TensorFlow Addons (TFA) has ended development and introduction of new features.
TFA has entered a minimal maintenance and release mode until a planned end of life in May 2024.
Please modify downstream libraries to take dependencies from other repositories in our TensorFlow community (e.g. Keras, Keras-CV, and Keras-NLP). 

For more information see: https://github.com/tensorflow/addons/issues/2807 



In [3]:
if os.environ['COLAB_TPU_ADDR']:
  cluster_resolver = tf.distribute.cluster_resolver.TPUClusterResolver(tpu='')
  tf.config.experimental_connect_to_cluster(cluster_resolver)
  tf.tpu.experimental.initialize_tpu_system(cluster_resolver)
  strategy = tf.distribute.TPUStrategy(cluster_resolver)
  print('Using TPU')
elif tf.config.list_physical_devices('GPU'):
  strategy = tf.distribute.MirroredStrategy()
  print('Using GPU')
else:
  raise ValueError('Running on CPU is not recommended.')

Using TPU


## Disaster Tweets

In [4]:
dataset = pd.read_csv('drive/MyDrive/Colab Notebooks/disaster-tweets/train.csv')
print(dataset.columns)

Index(['id', 'keyword', 'location', 'text', 'target'], dtype='object')

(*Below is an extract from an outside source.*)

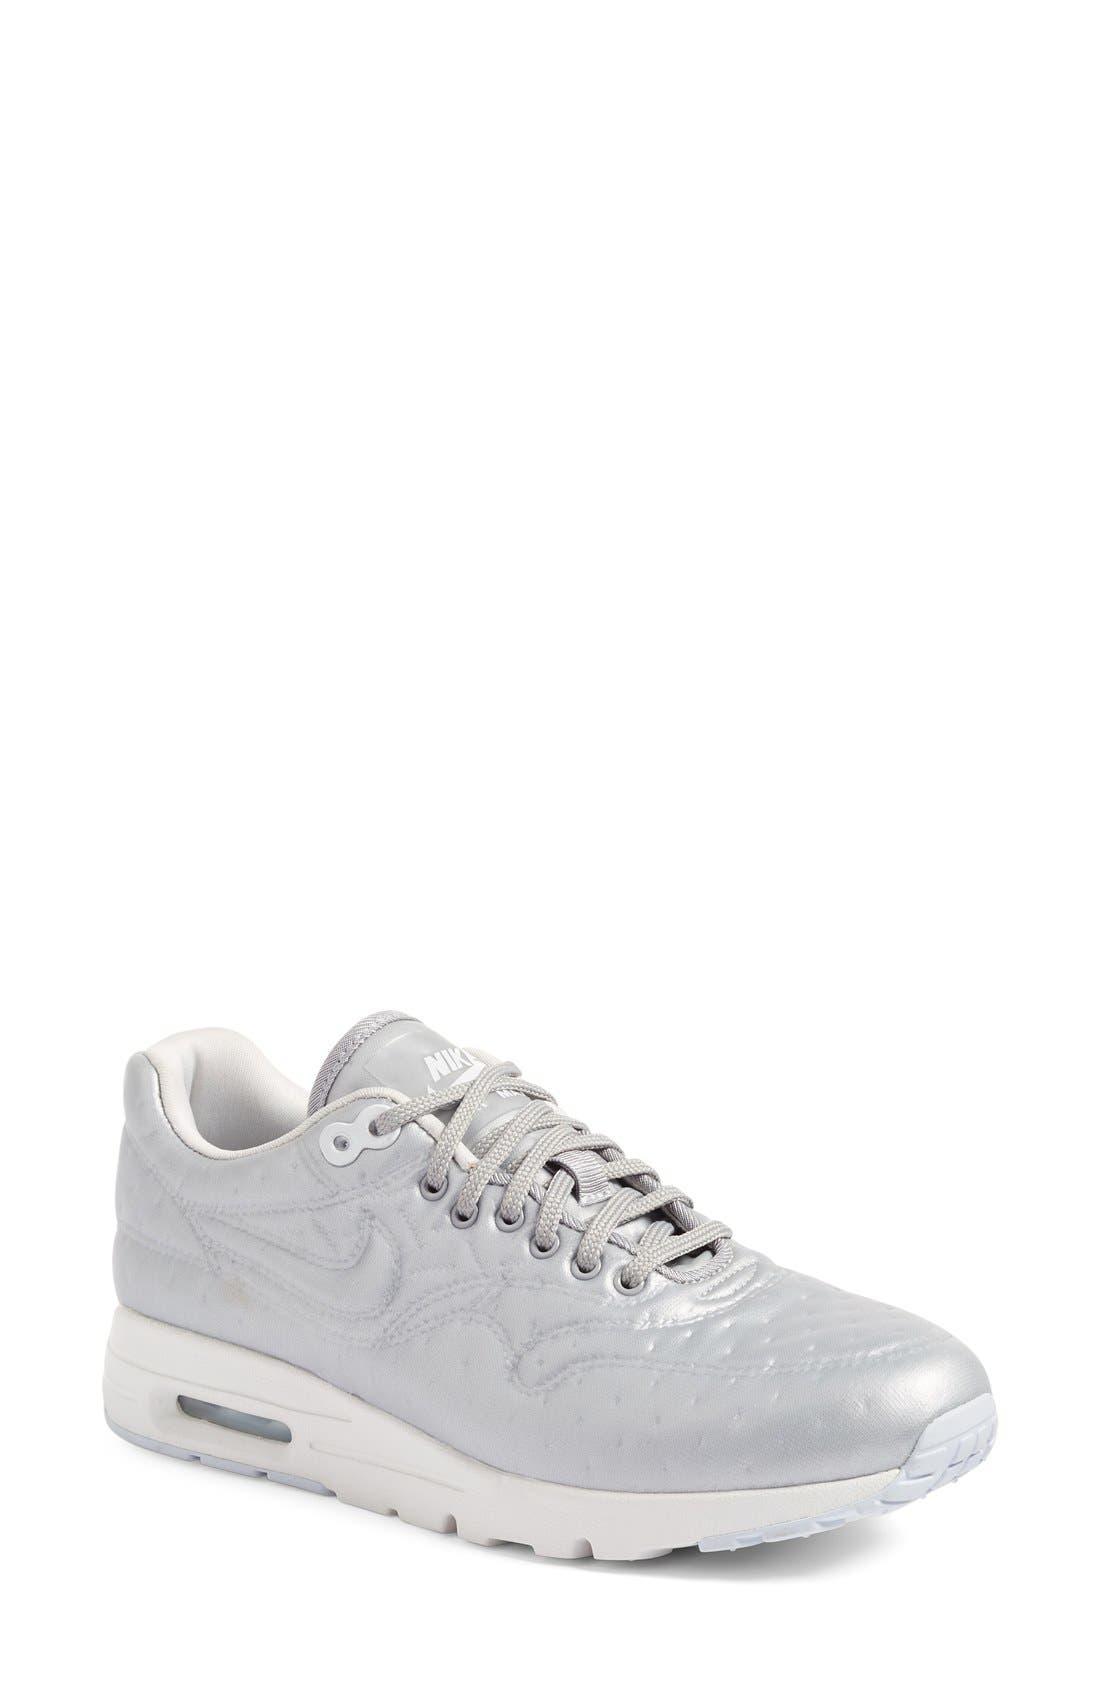 Nike Air Max 1 Ultra Premium Jacquard Sneaker (Women)

We are going to use the tweet text to predict whether or not the tweet is about an actual disaster.

In [5]:
dataset.target.value_counts()

0    4342
1    3271
Name: target, dtype: int64

There are 6,023 sentences with label 1 and 2,528 sentences with label 0. Let's balance these out.

In [6]:
dataset = dataset.groupby('target').sample(3000)

In [7]:
dataset['text'] = dataset['text'].apply(lambda x: re.sub(r'http\S+', '', x))
dataset['text'] = dataset['text'].apply(lambda x: re.sub(r'\W+', ' ', x))
dataset['text'] = dataset['text'].apply(lambda x: re.sub(r'\d+', '', x))
dataset['text'] = dataset['text'].apply(lambda x: x.lower())

In [8]:
dataset.head()

Unnamed: 0,id,keyword,location,text,target
5558,7933,rainstorm,,robot_rainstorm we have two vacancies on the c...,0
4079,5798,hail,,thank you so so much to everyone for posting t...,0
3404,4874,explode,"New Orleans, Louisiana",see these guys reaching the front foot out loa...,0
4501,6398,hurricane,,they should name hurricanes with black people ...,0
5126,7311,nuclear%20reactor,,nuclear reactor railguns would be a great way ...,0


In [9]:
train, val, test = np.split(dataset.sample(frac = 1), [int(0.8 * len(dataset)), int(0.9 * len(dataset))])

Then, we are going to implement the **df_to_dataset()** function to create a **tf.data.Dataset** using the balanced reviews dataset. This allows us to map the features in the pandas dataframe to features that are more appropriate for training. You can read more about this and check out the function that is used to perform this task [here](https://www.tensorflow.org/tutorials/structured_data/feature_columns). Then, we are going to map the training, validation, and test datasets using the function. Note that depending on the features that you use in the model, you may have to modify parts of the function.

In [10]:
def df_to_dataset(dataframe, shuffle = True, batch_size = 128):
    df = dataframe.copy()
    labels = df.target
    df = df.text
    ds = tf.data.Dataset.from_tensor_slices((df, labels))
    if shuffle == True:
        ds = ds.shuffle(buffer_size = len(df))
    ds = ds.batch(batch_size)
    ds = ds.prefetch(tf.data.AUTOTUNE)
    return(ds)

In [11]:
train_ds = df_to_dataset(train)
val_ds = df_to_dataset(val)
test_ds = df_to_dataset(test)

## Classifier Model using BERT

In [12]:
tfhub_handle_encoder = 'https://tfhub.dev/tensorflow/bert_en_uncased_L-12_H-768_A-12/3'
tfhub_handle_preprocess = 'https://tfhub.dev/tensorflow/bert_en_uncased_preprocess/3'

In [13]:
bert_preprocess = hub.KerasLayer(tfhub_handle_preprocess)
bert_encoder = hub.KerasLayer(tfhub_handle_encoder)

In [67]:
text_input = tf.keras.layers.Input(shape = (), dtype = tf.string)
encoder_input = bert_preprocess(text_input)
encoder_output = bert_encoder(encoder_input)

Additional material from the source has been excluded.